=== Section Start ===

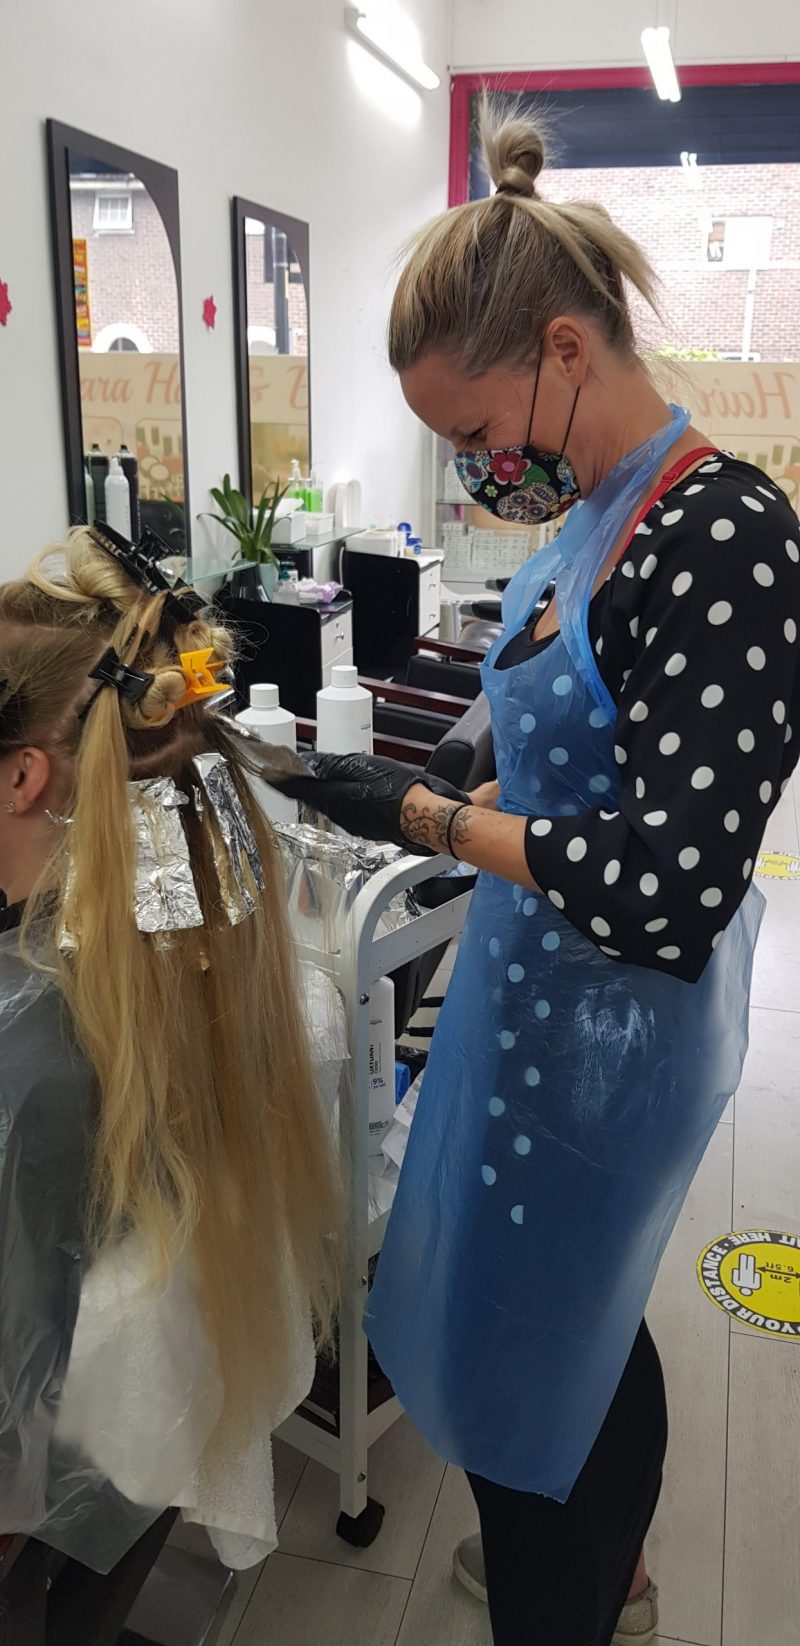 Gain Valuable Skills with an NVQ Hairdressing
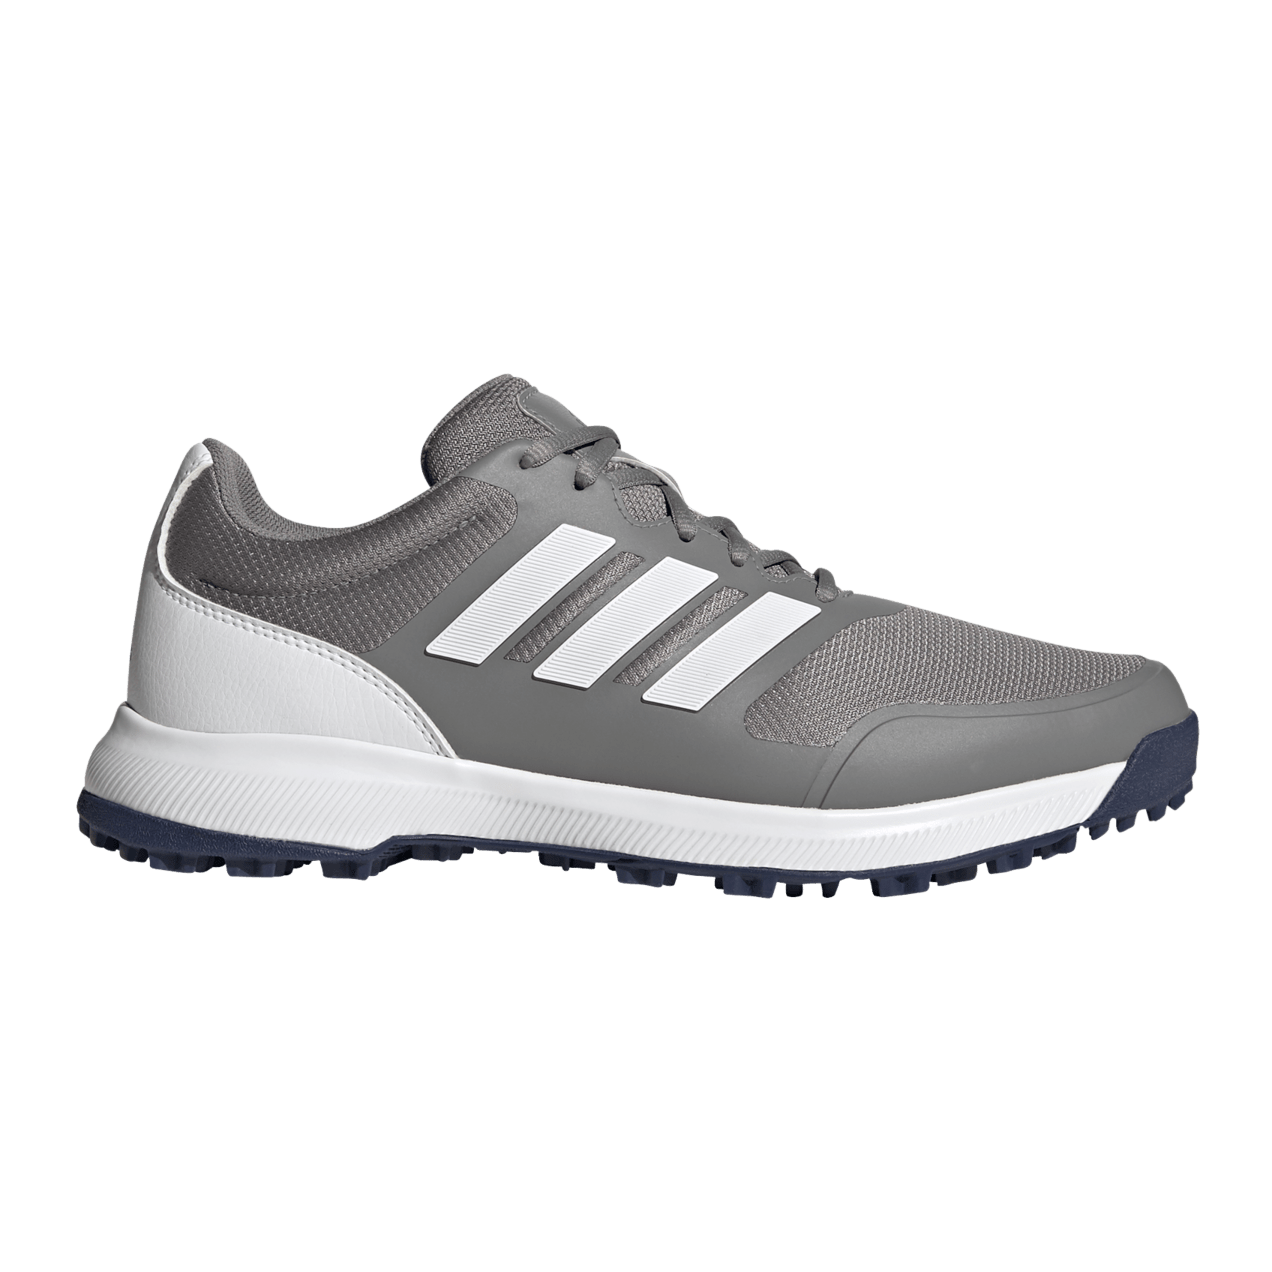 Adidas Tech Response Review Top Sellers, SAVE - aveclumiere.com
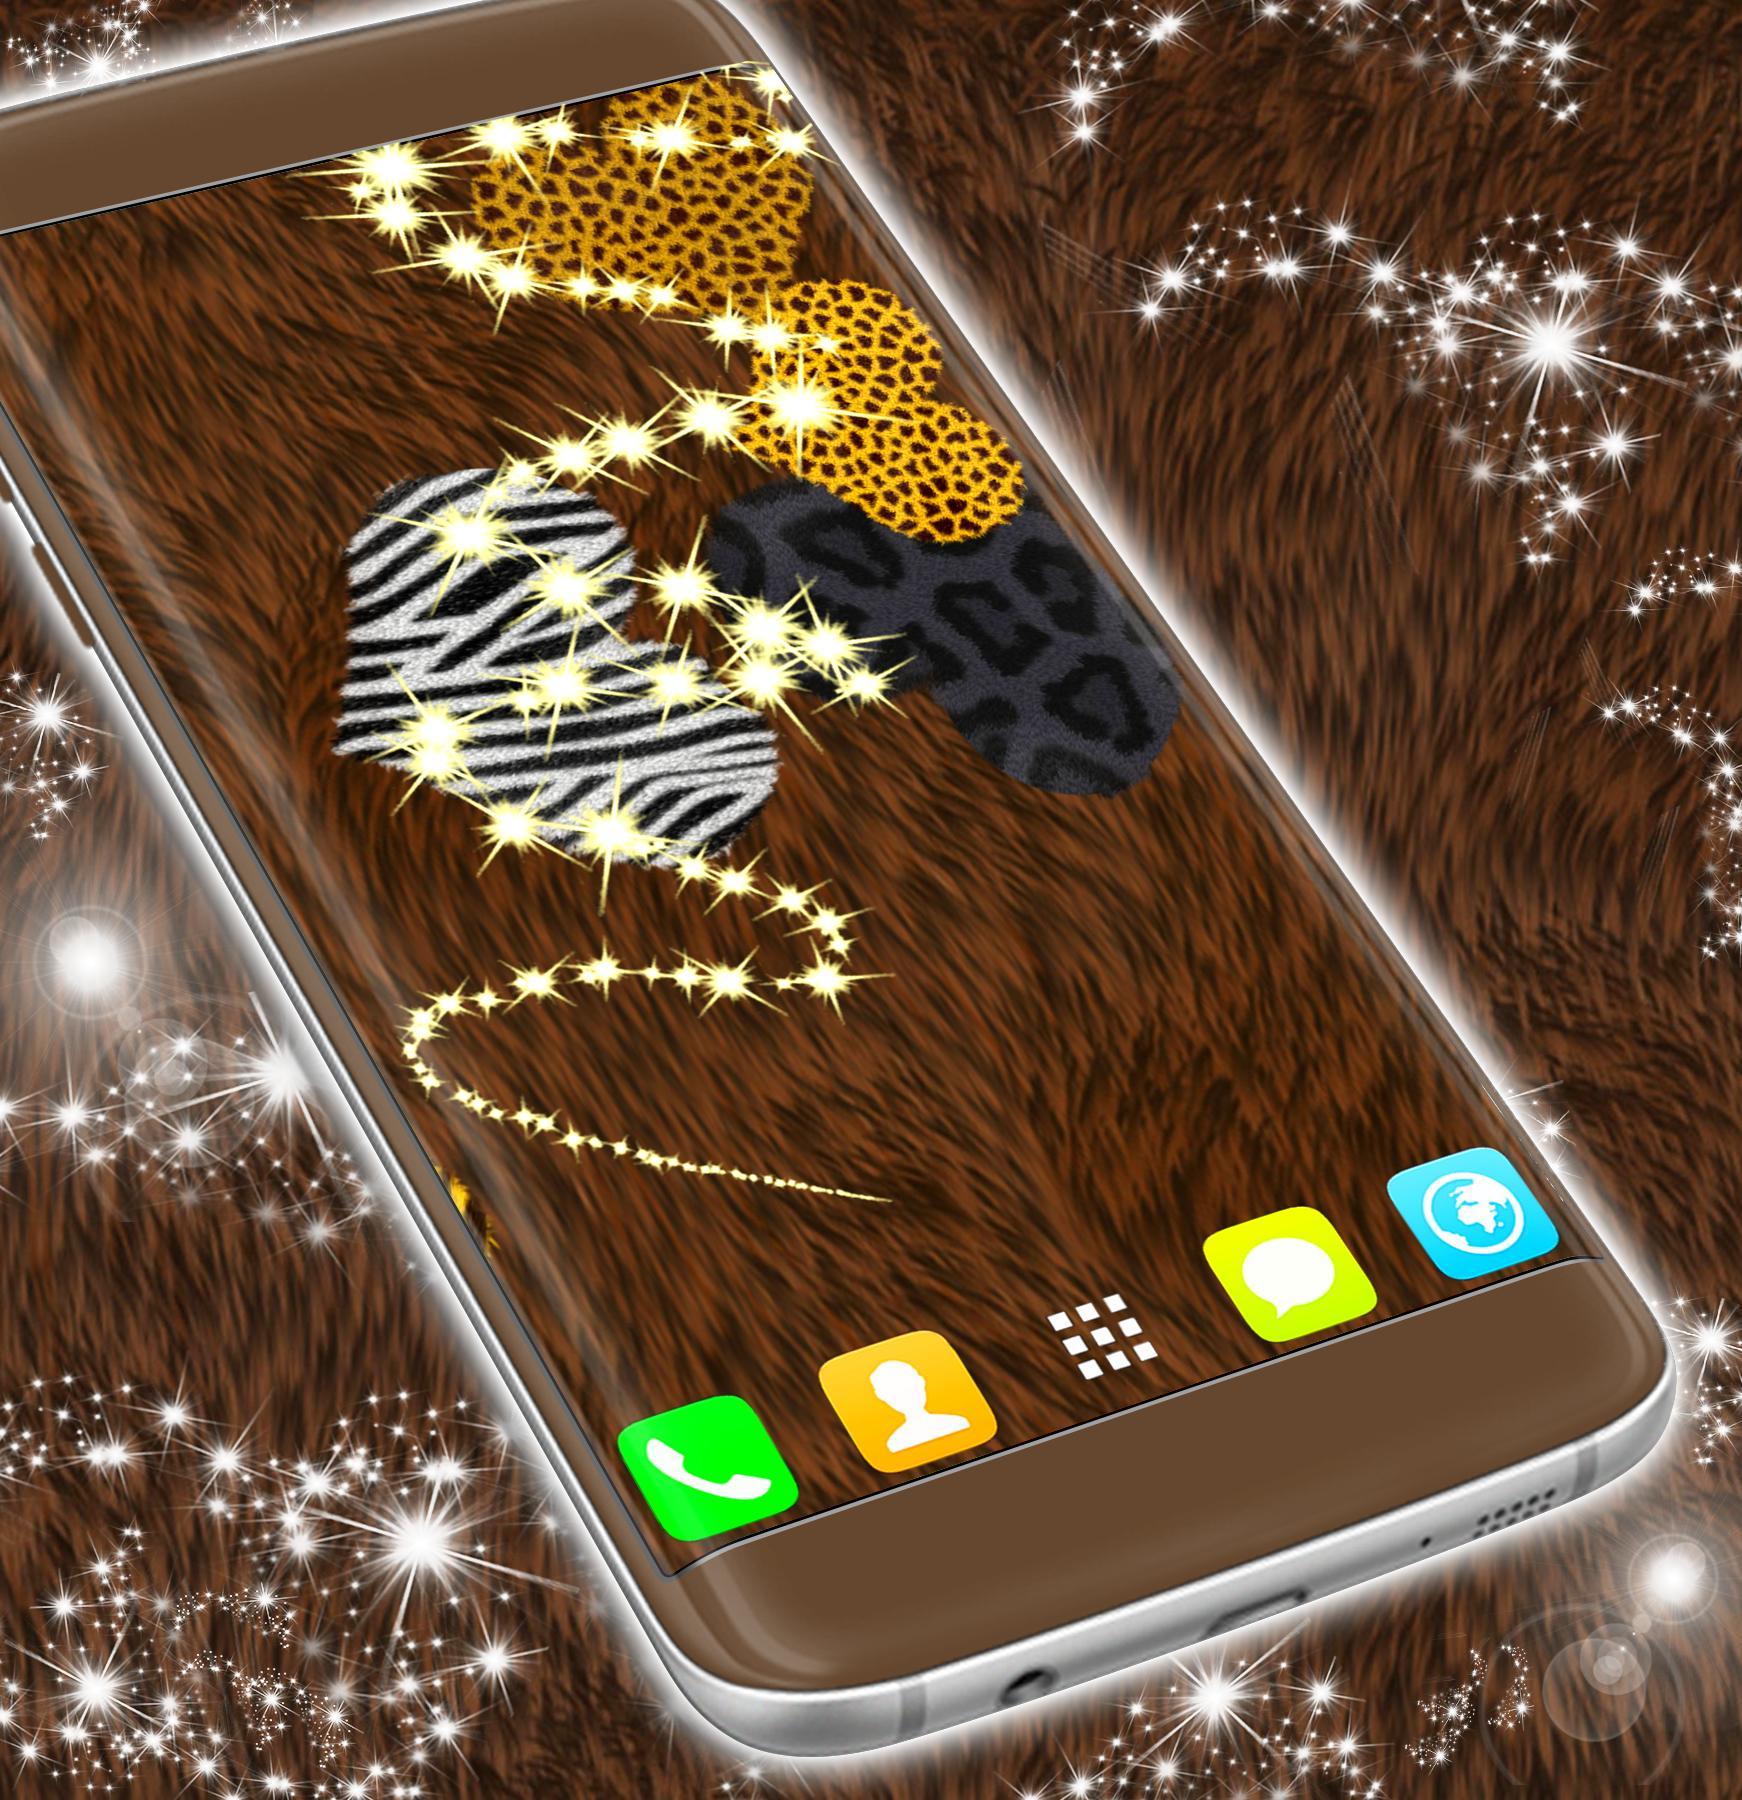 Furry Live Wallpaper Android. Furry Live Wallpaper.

=== Section End ===

Starting with the line that contains "Adidas Tech Response", repeat each line exactly until the listing ends, including the last one. Leave pictures out.

● **Result of the exercise**:
 Adidas Tech Response Review Top Sellers, SAVE - aveclumiere.com
 Furry Live Wallpaper Android. Furry Live Wallpaper.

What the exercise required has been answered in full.